There are a lot of resources available for readings. More things are online. I prefer items we can print as well as those that offer the word count as well as the option to listen to the reading. If you can try some of these sites, please let others know what you think. If you know of other sites that can be used to develop reading competency as well as language fluency, then please post them.

Thursday, December 11, 2008

Multiple levels of students in Math and Multiplication

Teaching math in an adult learner classroom can be particularly challenging because the disparity between levels can be very wide. To resolve this problem, our teachers tend to create small learning groups, which can mean the need t0 prepare several lessons for the same day as well as the provision of many smaller tasks (fillers) which students can do while they wait for their turn in the teaching cycle.

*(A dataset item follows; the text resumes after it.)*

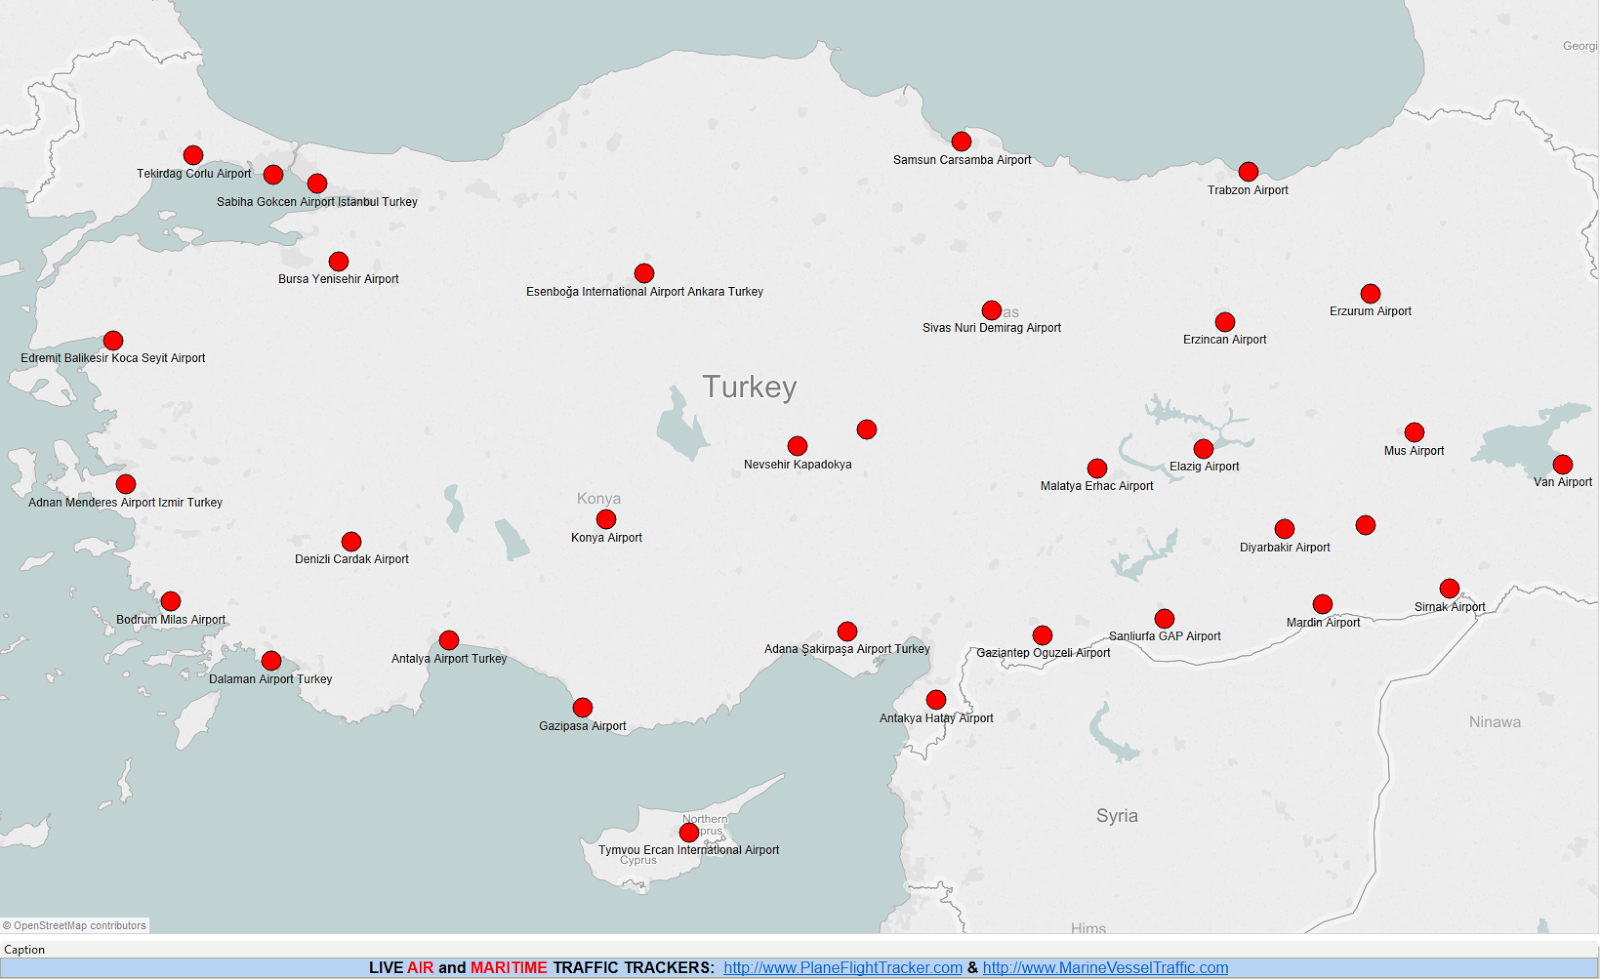 TURKEY AIRPORTS MAP

Even though the students may have advanced to division and fractions, or even geometry, they may still be lacking some basic multiplication skills. It can be hard to ask an adult to drill the multiplication tables, but they need to have the ability to multiply quickly mastered in order to assist their skill in estimating for division. It is unfortunate that students are slowing working through more advanced problems simply because they did not develop a mastery of the multiplication tables.

Here are some websites with resources to support multilevel class preparation for multiplication. You may want to distribute these activities to the more advanced students as filler to give them time to develop mastery.

The site, Multiplication.com - Multiplication Worksheets, has a nice set of worksheets, flash cards, and links to games you can purchase. I like the quick, 3 minute, 40 question quizzes with the answer sheet below. You can fold the paper and ask the student to take the quiz as 'filler' while you help other students in the class, then go back to review later. The bonus is that the student can check her own work while she waits.

Another site has, as the title suggests, Free Multiplications Worksheets. My favorite here is the blank multiplication table (one is left-handed), but there are many, many sheets with different arrangements of questions.


In case you have this option, there are sites with online games or worksheets where students are automatically corrected. Try the worksheets at 123 Aplusmath.